The Federal Reserve on Wednesday raised interest rates by 0.75% as the central bank attempts to avoid a deep recession.
The decision to move by 0.75% matched the magnitude of the Fed’s last move in June, which was its largest single-meeting rate increase since 1994. Wednesday’s decision was unanimously agreed upon by voting members of the Federal Open Market Committee.
The Fed has now moved in four consecutive meetings to increase borrowing costs in America, extending its effort to dampen household and business spending. The goal: to wrangle inflation running at rates unseen since the early 1980s.
Short-term borrowing rates are now between 2.25% and 2.50%, comparable to levels in 2019.
“Recent indicators of spending and production have softened,” the Fed said in its policy announcement.
“Nonetheless, job gains have been robust in recent months, and the unemployment rate has remained low. Inflation remains elevated, reflecting supply and demand imbalances related to the pandemic, higher food and energy prices, and broader price pressures.”
The Fed again said that it “anticipates that ongoing increases in the target range will be appropriate.”
Summer readings of inflation have yet to show a letting up of inflationary pressures. In June, prices in the U.S. rose by 9.1% on a year-over-year basis — the fastest pace since November 1981.
Balancing act
Fed policymakers have said that one driver of high inflation remains the war in Ukraine, where economic sanctions have led to an increase in energy prices globally. But Fed officials have acknowledged that the rapid pace of price increases domestically is also the result of demand stimulated by its pandemic-era policy of low rates.

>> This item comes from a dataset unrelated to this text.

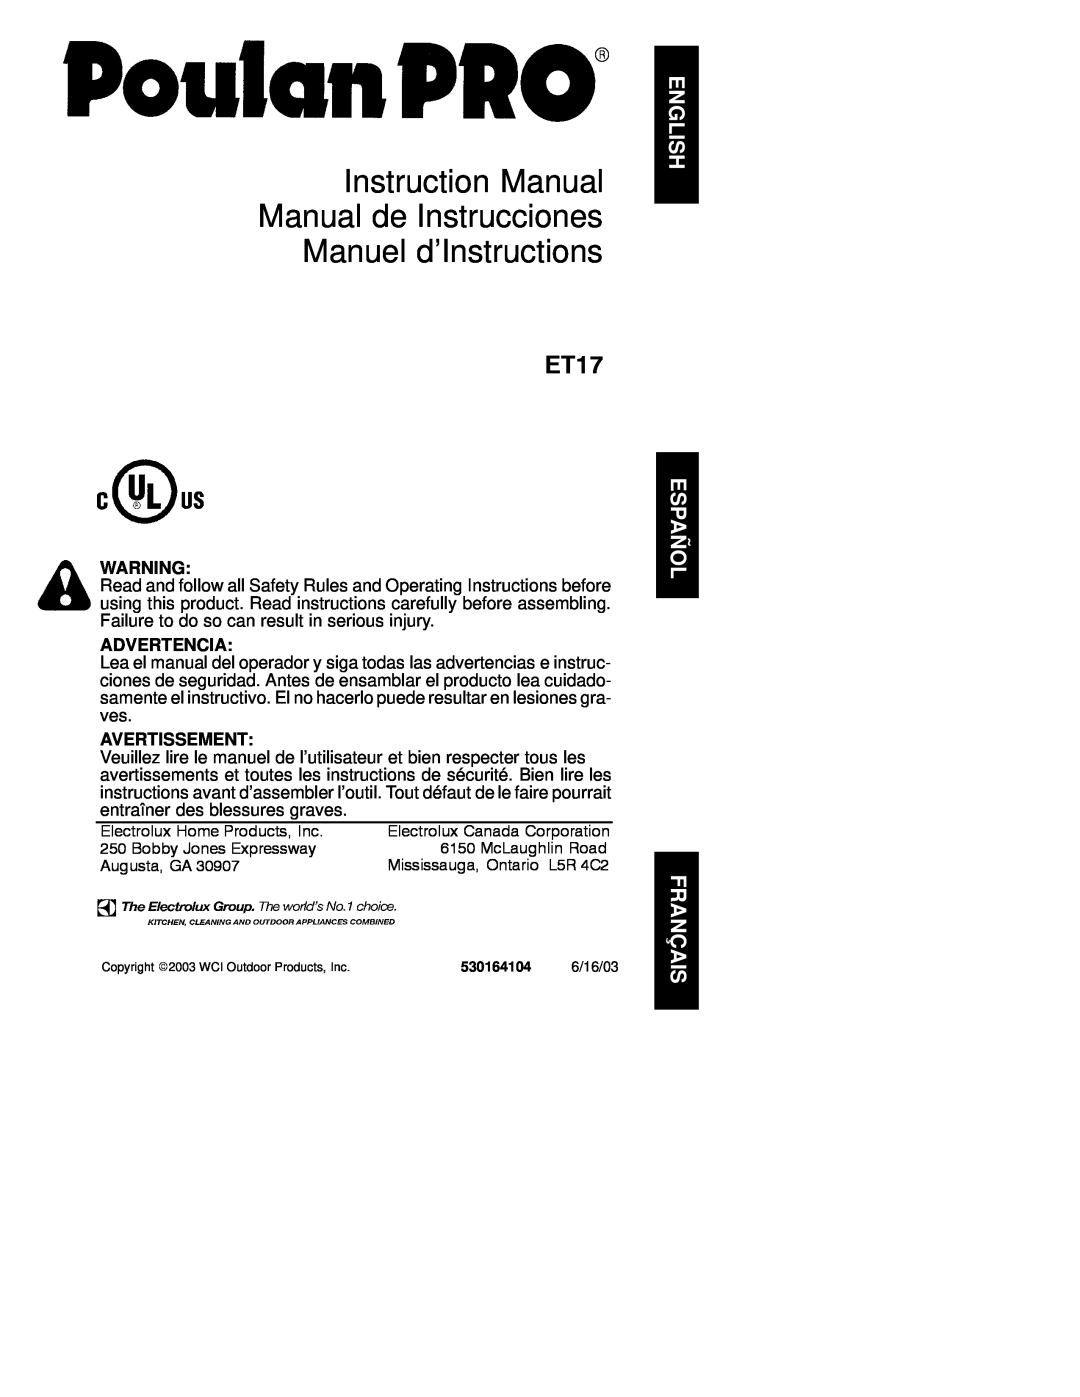 Poulan 530164104 instruction manual Advertencia, Avertissement, Instruction Manual Manual de Instrucciones, ET17 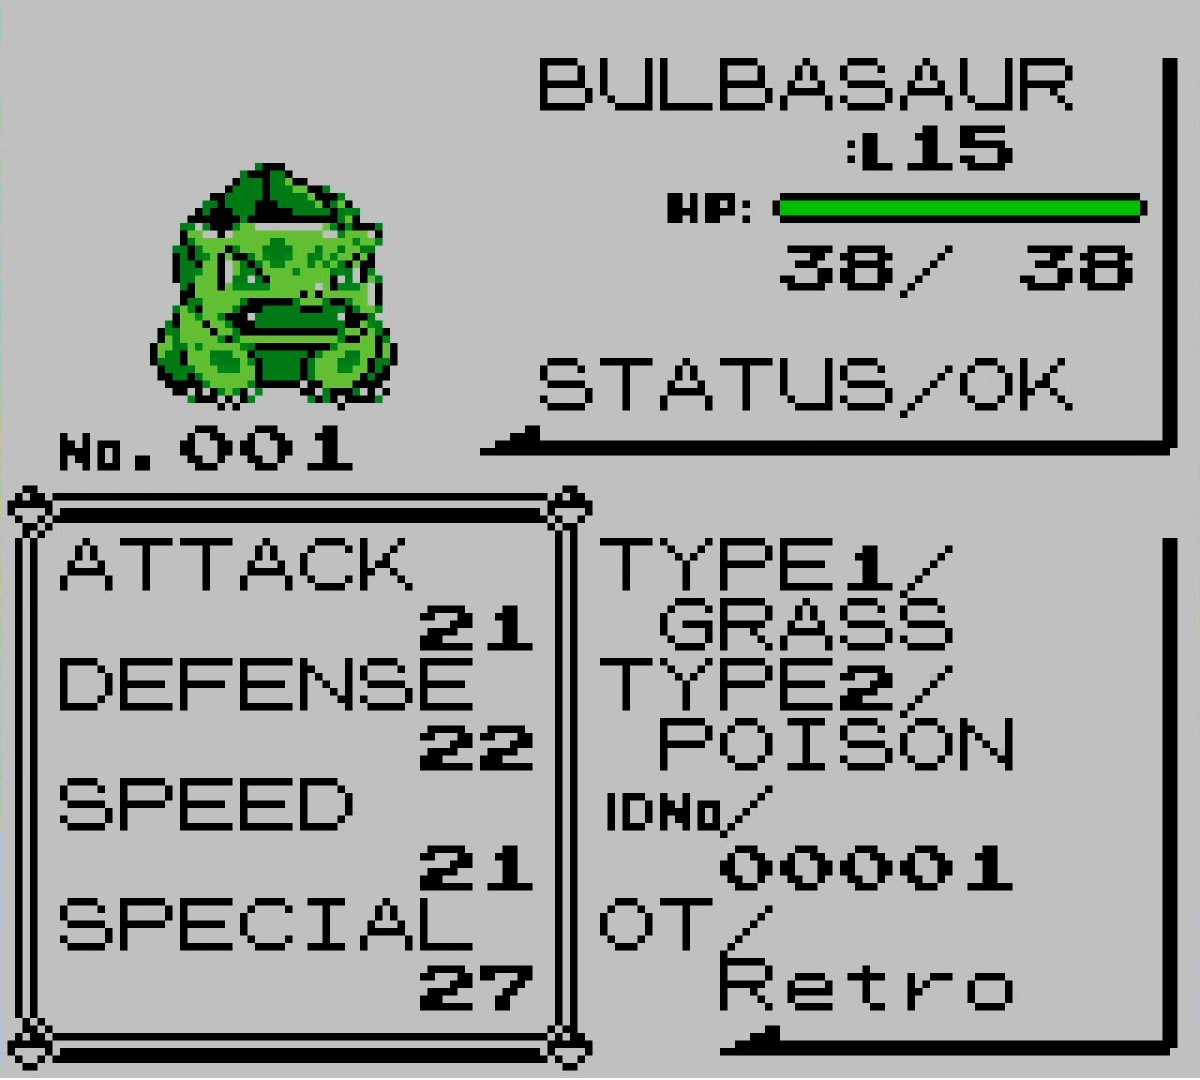 Pokemon Shiny Bulbasaur 13

Those inflationary factors will make it difficult for the Fed to achieve its immediate goal of lowering inflation without triggering high job losses. A June reading on the labor market showed the unemployment rate at a relatively low 3.6%, almost near pre-pandemic lows.
As the Fed raises borrowing costs, concerns are building that the pullback in economic activity will squeeze businesses into layoffs. The FOMC continued to describe job gains as “robust” while inflation “remains elevated.”
Wednesday’s interest rate increase also comes a day before a closely-watched government data release on economic growth in the second quarter of the year. Following a quarter of negative growth in the first quarter, a second consecutive negative reading may further entrench concerns that the U.S. economy is already in a recession.
But the uncertainty over the speed and magnitude of rate hikes has led to a flurry of speculation over how high the Fed can raise rates — before a deterioration in economic activity forces the Fed back into rate cuts.
The central bank’s own projections from June estimate the Fed will need to raise rates to roughly 3.8% next year to pull off a slowdown in inflation, although those forecasts may now be outdated.
The Fed’s efforts to undo its pandemic-era stimulus also involves unwinding some of the assets that it purchased during 2020 and 2021. The Fed on Wednesday did not make any changes to a previously announced plan for the unwind, which will ramp up the pace of its asset rolloffs to about $95 billion per month starting in September.
As of earlier in the year, the Fed’s asset holdings totaled about $9 trillion.
The Fed will release updated economic projections alongside the next scheduled policy announcement on September 21.